Tema tantangan blogging Mamah Gajah Ngeblog bulan ini adalah pengalaman berbahasa seumur hidup. Ketika tema ini diluncurkan, sebenarnya aku merasa senang. Alasan tidak segera menulisnya bukan karena aku tidak memiliki cerita untuk disampaikan, melainkan malah mungkin terlalu banyak kisah yang membuatku bingung untuk memilihnya. Rasanya mulai dari awal kehidupanku hingga detik ini, berbahasa mengambil banyak porsi dalam hidupku.

 


Pada Zaman yang Belum Kuingat

Tentu saja aku tak benar-benar tahu apa tepatnya yang terjadi saat aku masih seorang bayi hingga anak batita. Bagaimana pengalaman berbahasaku pada usia dini? Saat aku bertanya pada Mama dan Papa, tidak banyak juga yang dapat mereka ceritakan secara spesifik tentang ini. Namun, Mama banyak berkisah tentang kegiatannya sejak aku masih nyaman di dalam rahimnya.

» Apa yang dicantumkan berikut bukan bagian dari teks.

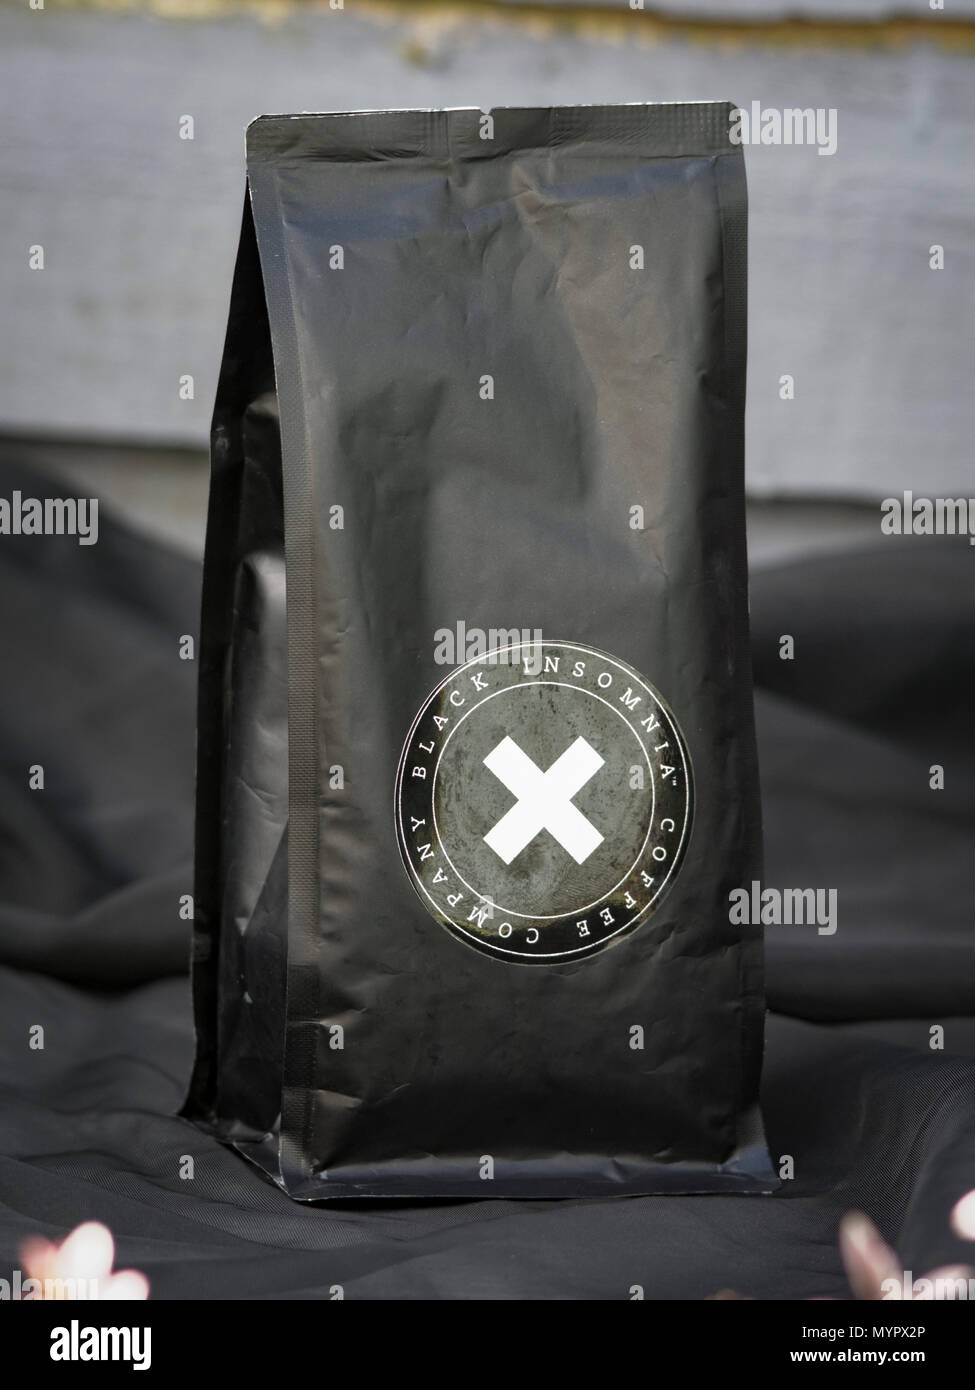 Insonnia nero caffè in compagnia, il più forte del mondo il caffè contiene 702 milligrammi di caffeina per tazza, realizzato nel Delaware, STATI UNITI D'AMERICA Foto Stock

Mama masih belum menyelesaikan pendidikan dokternya ketika mengandungku. Aku tak begitu yakin Mama sudah tahu dan dengan sengaja menerapkan teori parenting tentang mengasah keterampilan komunikasi verbal pada janin saat itu, tetapi kurasa aku beruntung dalam hal ini. Rupanya dalam bentuk janin, aku sudah mengenal hidup dalam “keramaian verbal”. Meskipun tidak ada memori yang tersimpan tentang teori berbagai penyakit dalam bahasa latin, misalnya, aku tetap merasa senang mengetahui fakta sejarah ini. Tidak mungkin itu tidak berpengaruh terhadap keterampilanku dalam berbahasa di kemudian hari.

 

Pemerolehan Keterampilan Berbahasa pada Usia Dini

Sepertinya aku tidak mengalami keterlambatan berbahasa waktu bayi. Tidak pernah kudengar ada kisah tentang kesulitan mengajariku berbicara. Sebaliknya, yang banyak kudapat adalah cerita tentang bagaimana ceriwisnya aku saat kecil hingga sering membuat Mama, Papa, atau orang dewasa lainnya kewalahan. Kemudian, kata Mama, ia berusaha mengurangi kerepotannya dengan menyuruhku mencari jawaban atas setiap pertanyaanku di ensiklopedia. Kebetulan aku sudah dapat membaca sebelum usiaku menginjak lima tahun. Eh, tunggu … jangan-jangan ini bukan kebetulan, melainkan memang strategi Mama yang terencana sedemikan rapinya?

Oh, ya. Kalau melihat silsilahnya ke atas, Mama dan Papaku sama-sama berasal dari Jawa Timur. Papa menghabiskan masa kecil hingga remajanya di Kediri. Sudah jelas, bahasa Jawa menjadi bahasa ibu Papa. Sementara itu, orang tua Mama (eyang putri dan eyang kakungku) sudah hijrah ke Cimahi, Jawa Barat, sejak awal pernikahan mereka. Meskipun bahasa Jawa tetap diutamakan di lingkungan keluarga, Mama dan kelima saudara kandungnya tentu menguasai bahasa Sunda dari lingkungan pergaulan mereka sehari-hari.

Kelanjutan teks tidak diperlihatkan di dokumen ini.